— Provided data —
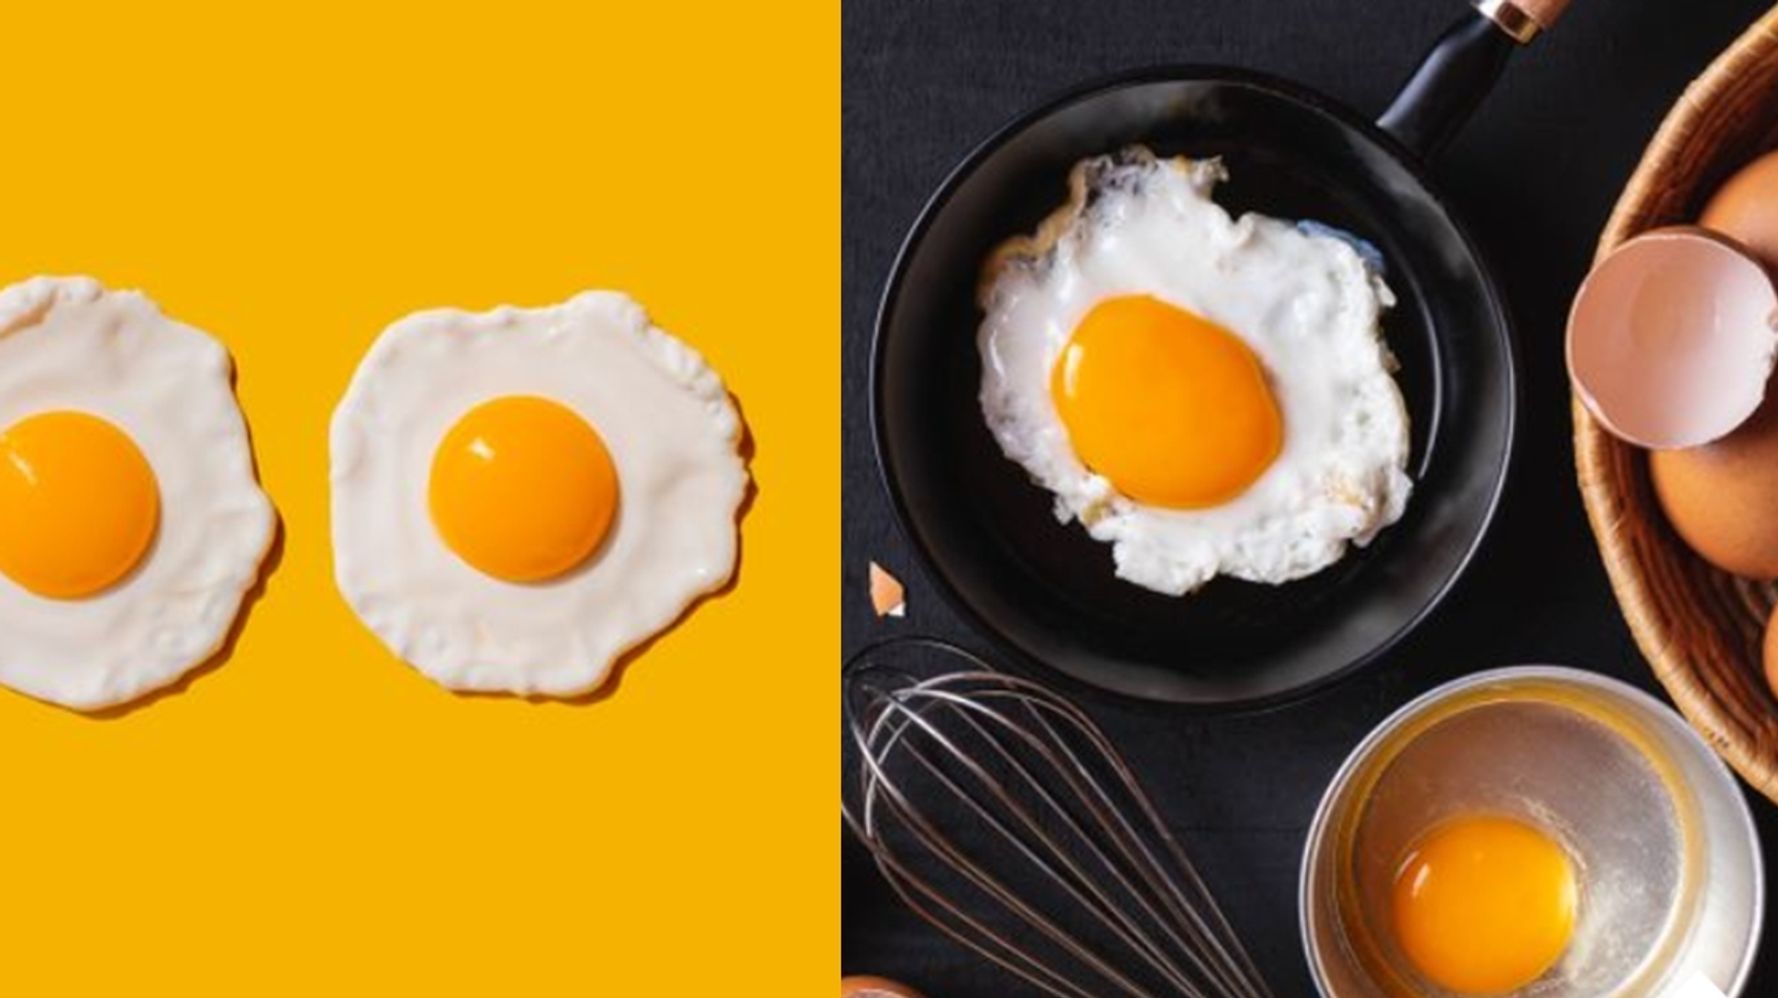 계란후라이를 요리할 때 사람들이 가장 많이 하는 실수와 실패 없이 완벽하게 만드는 간단한 비법 (셰프 팁 5) | 허프포스트코리아 LIFE
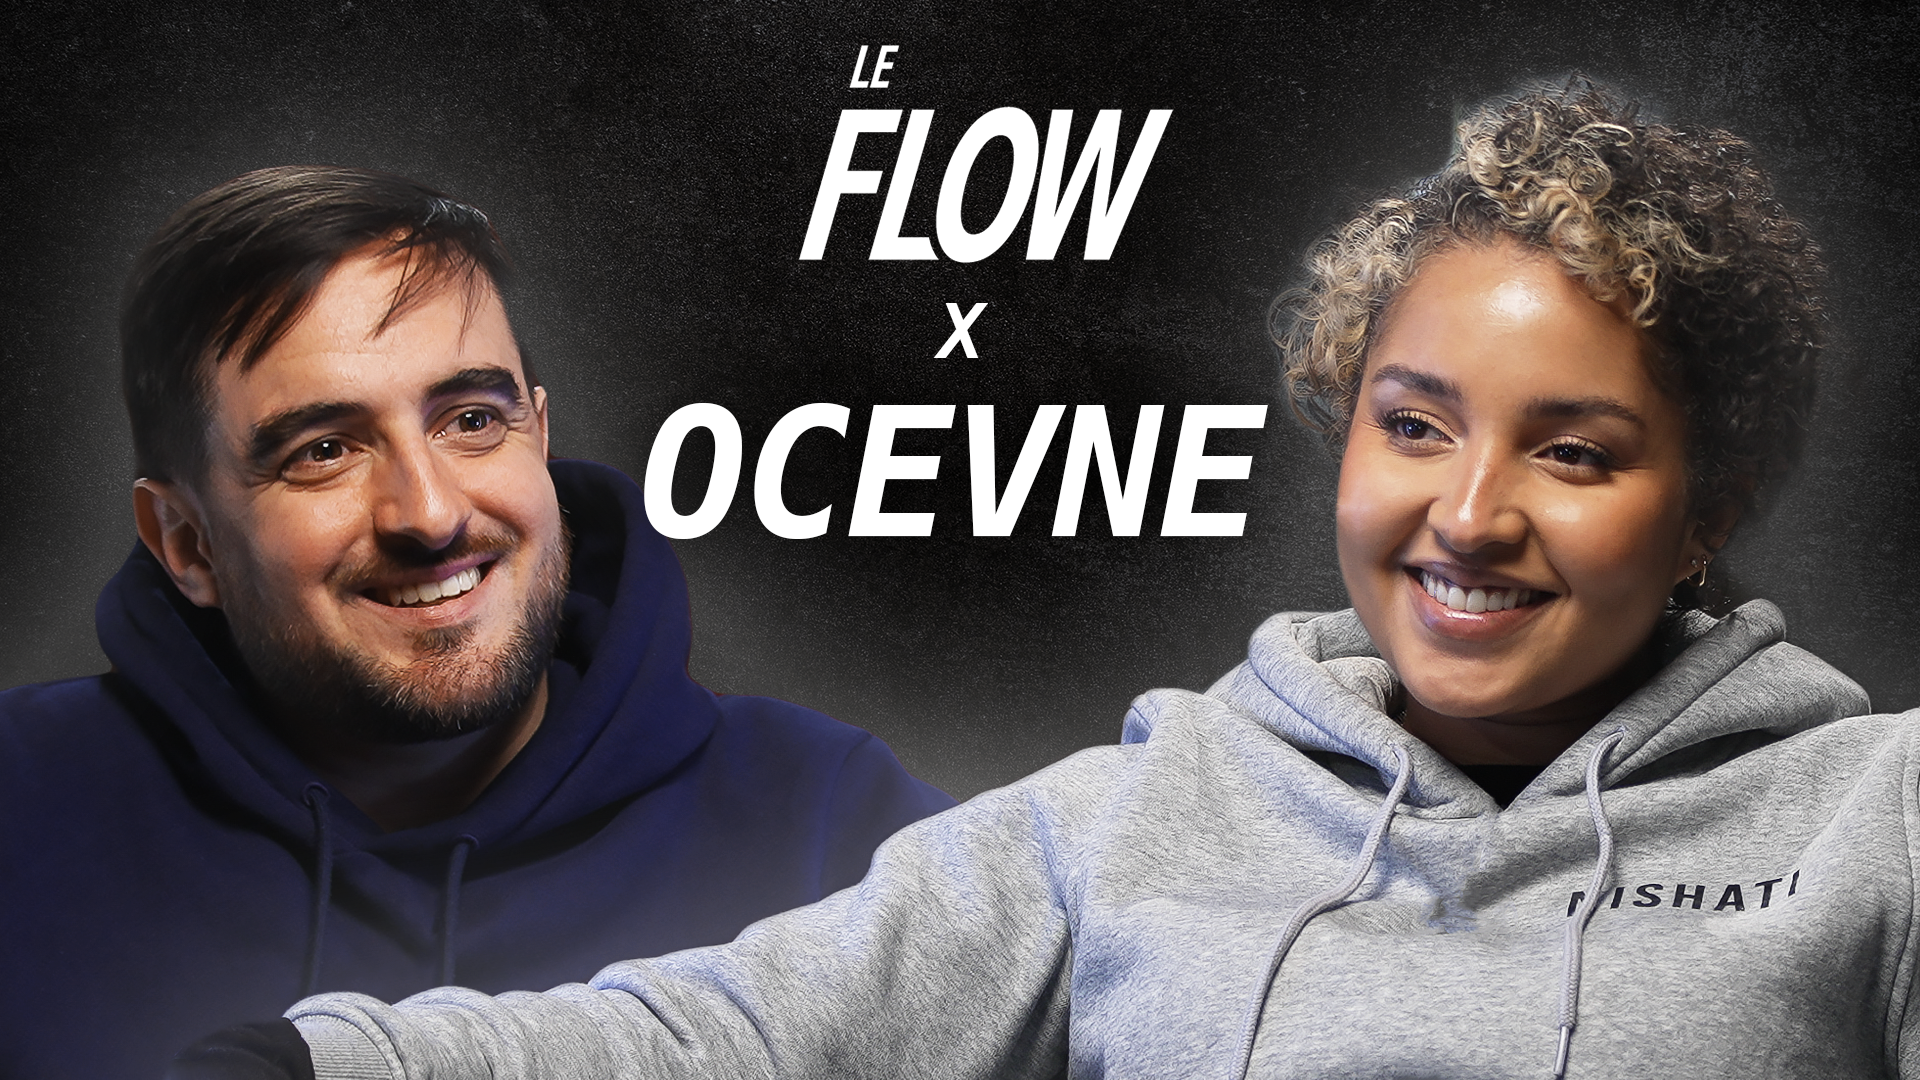 Le Flow x OCEVNE - YOUTUBE
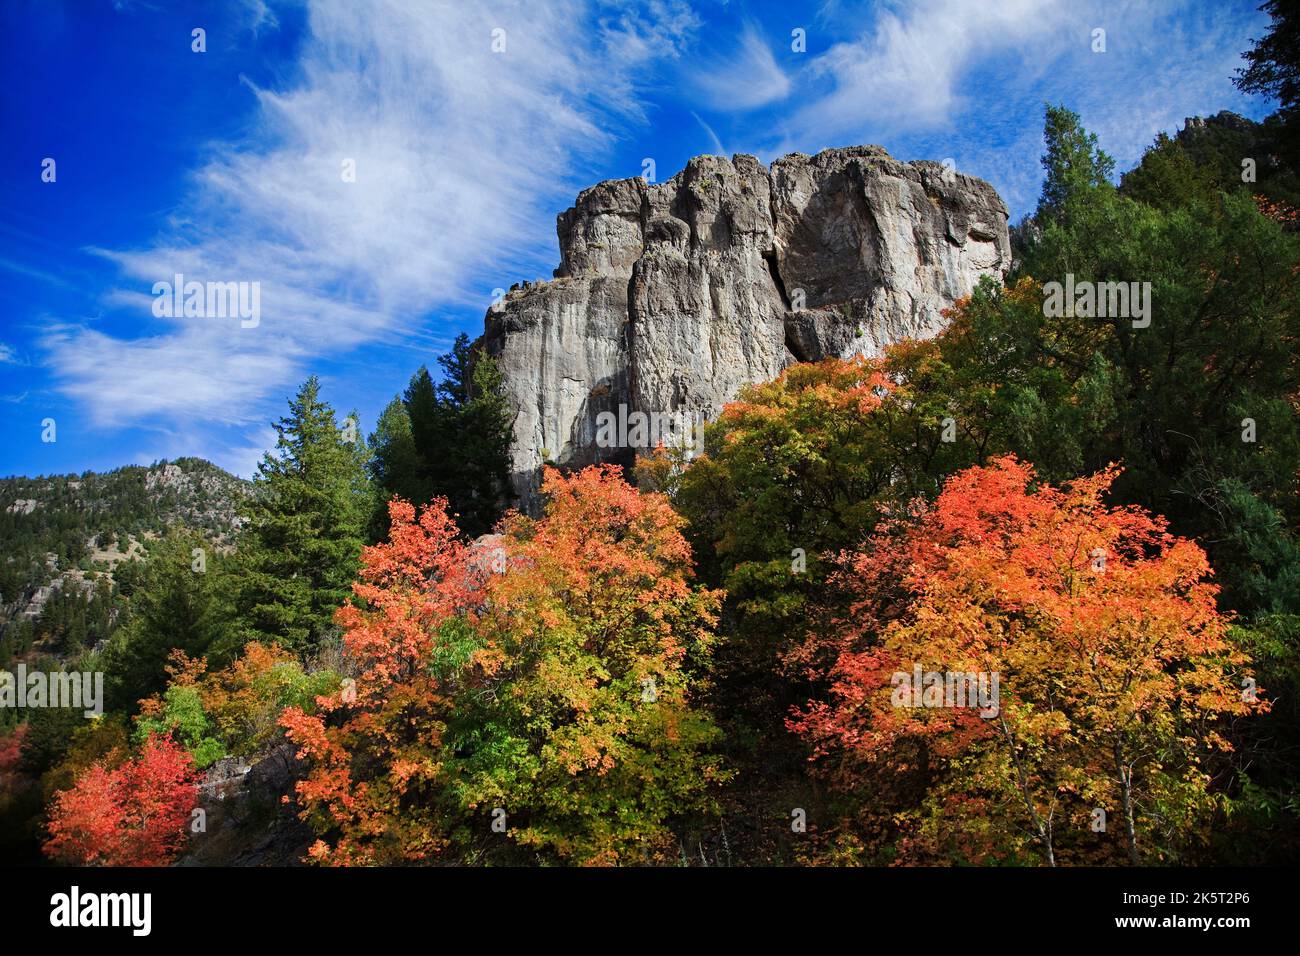 Dies ist ein Blick auf die Herbstfarben entlang der Logan Canyon Scenic Byway in Logan Canyon, nordöstlich von Logan, Cache County, Utah, USA. Stockfoto

— Task prompt —
An exact copy of the listing is needed, minus its pictures.

— Written answer —
 계란후라이를 요리할 때 사람들이 가장 많이 하는 실수와 실패 없이 완벽하게 만드는 간단한 비법 (셰프 팁 5) | 허프포스트코리아 LIFE
 Le Flow x OCEVNE - YOUTUBE
 Dies ist ein Blick auf die Herbstfarben entlang der Logan Canyon Scenic Byway in Logan Canyon, nordöstlich von Logan, Cache County, Utah, USA. Stockfoto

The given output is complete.